Мягкие, бледно-зеленые тела надежно укрыты под гибкими пластинами брони — без нее кулганцы были легкой добычей. У этих созданий не было плеч как таковых, а руки больше напоминали пятипалые отростки, торчащие прямо из тела. Из-за коротких ног «грибам» приходилось использовать гравитационные подвески, что удерживали массивное тело над землей.
Выглядело все это предельно смешно, но только последний дурак рискнул бы потешаться над кулганцами. Чувство юмора у них отсутствует напрочь, так что можно и пулю в лоб схлопотать за такие вольности.
Кулганцы — «библиотекари галактики». Их планета — самым большой архив знаний. Если ты хочешь найти сведения о каком-то событии, изобретении, болезни — о чем угодно — то можно уверенно сказать: у кулганцев есть все, что ты захочешь.
Но и просят они за свои знания по полной программе.
— Присаживайся, вольный, — гриб смещается чуть в сторону и указывает на мягкое кожаное кресло. Сам он, разумеется, не садится — подвеска не позволяет.

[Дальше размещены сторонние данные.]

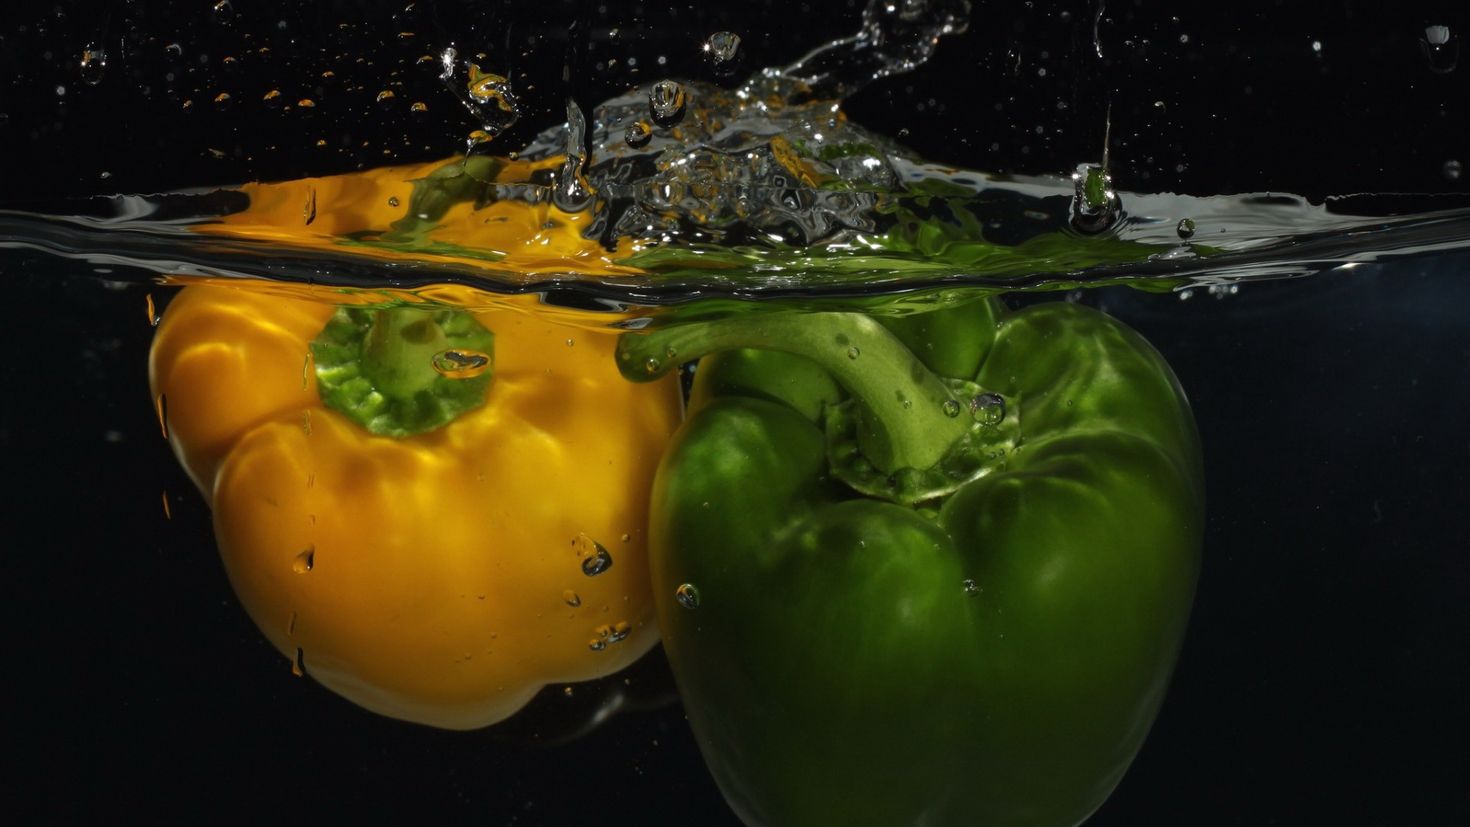 Water pepper. Овощи в воде. Помидор в воде. Овощи фрукты на черном фоне. Овощи на темном фоне.

Я частенько здесь бывал. В просторном кабинете, пахнущем переспевшей ежевикой и крепким алкоголем. Кулганцы — большие любителями высокоградусных напитков.
Через окна, полностью занимавшие одну из стен, льется слабый свет дождливого дня, из-за чего приходится зажечь несколько желтых сциловых ламп.
Много роскошной мебели, много ковров, картин и расписанных ваз с живыми цветами. Все этот так разительно отличалось от привычного минимализма, прямых углов и стерильной городской чистоты, что я первое время чувствовал себя путешественником во времени, метнувшемся лет на пятьсот назад.
— Мы признаемся честно, вольный, — кулганец тяжело развернулся и посмотрел на меня сверху вниз. В черных глазах-бусинках, почти скрытых широкой коричневой «шляпкой» — ни единого чувства или мысли. — Вознаграждение могло тебя и не дождаться.
Мертвые глаза насекомого. Так на тебя может смотреть паук: невозмутимо и холодно, как на кусок дерьма или пустое место. Чем я был для кулганца — вопрос сложный. Вероятно, что интересной зверушкой. Не секрет, что их ученые в свое время отлавливали двоедушников для изучения. Всестороннего и обстоятельного.
Стоит ли говорить, что никто из них не покинул Либрию — кулганскую родину — живым?
— Я расстарался, чтобы вернуться вовремя, — от предложенных напитков я благоразумно отказался. Крепкий алкоголь превращал меня в то еще животное.
— И нам нравится твой ответственный подход. Награда, в полном объеме, переведена на твой личный счет.
— Значит я могу быть свободен.
Я не спрашиваю, потому что не собираюсь задерживаться. Внутри неприятно давит и жжет, а на самом краешке сознания скребется тревога. Именно сейчас, в этом самом кабинете, творится что-то жуткое.
Я чувствую это кожей, но не могу объяснить. Угрозу внушают мне тени у стены, изгиб гравитационной подвески, излишняя тишина, которую нарушает только мое дыхание.
Кулганец непривычно мнется, что-то хочет сказать, и от этого становится совсем тошно.
Странно шипит генератор речи, не в силах трансформировать рычание и бульканье, рвущееся из горла «библиотекаря».
Что вообще происходит?
— Давай начистоту, — я скрещиваю руки на груди и пристально рассматриваю собеседника, стараясь не представлять, как он вообще проходит в двери с такой-то шляпой.
— Неспокойно последнее время.
Люблю такое начало серьезного разговора. Ты собеседнику прямой вопрос, а он тебе о погоде начинает рассказывать.
— Камкери проглатывают одну системы за другой, — откидываюсь на спинку кресла, а в голову лезут самые мрачные мысли. Раз уж грибной посол решил поговорить о том, как плохи дела, то галактика катится к едрени матери, — мы на пороге войны.
— Вы на пороге истребления, — кулганец произносит это абсолютно будничным тоном — генератор речи не отражает никакой эмоциональной окраски, но меня пробирает крупная дрожь.
— Не слишком ли громкие заявления?
— Мы не делаем громких заявлений, вольный. Мы констатируем факты.
— И ты думаешь, что камкери нас истребят?
— Камкери — симптом. Они — сыпь, которая только указывает на болезнь. Сам источник заразы невидим для нас, — кулганец медленно подплыл к окну и уставился на стену дождя за стеклом. — Скоро Совет предложит тебе работу. Не спрашивай у нас, почему тебе и откуда нам известно. Так случится.
Слабый скрип подвески ввинчивается в висок не хуже пули. Взгляд черных глаз пропарывает тяжелый воздух комнаты и врезается в меня, заставляет влипнуть в спинку кресла.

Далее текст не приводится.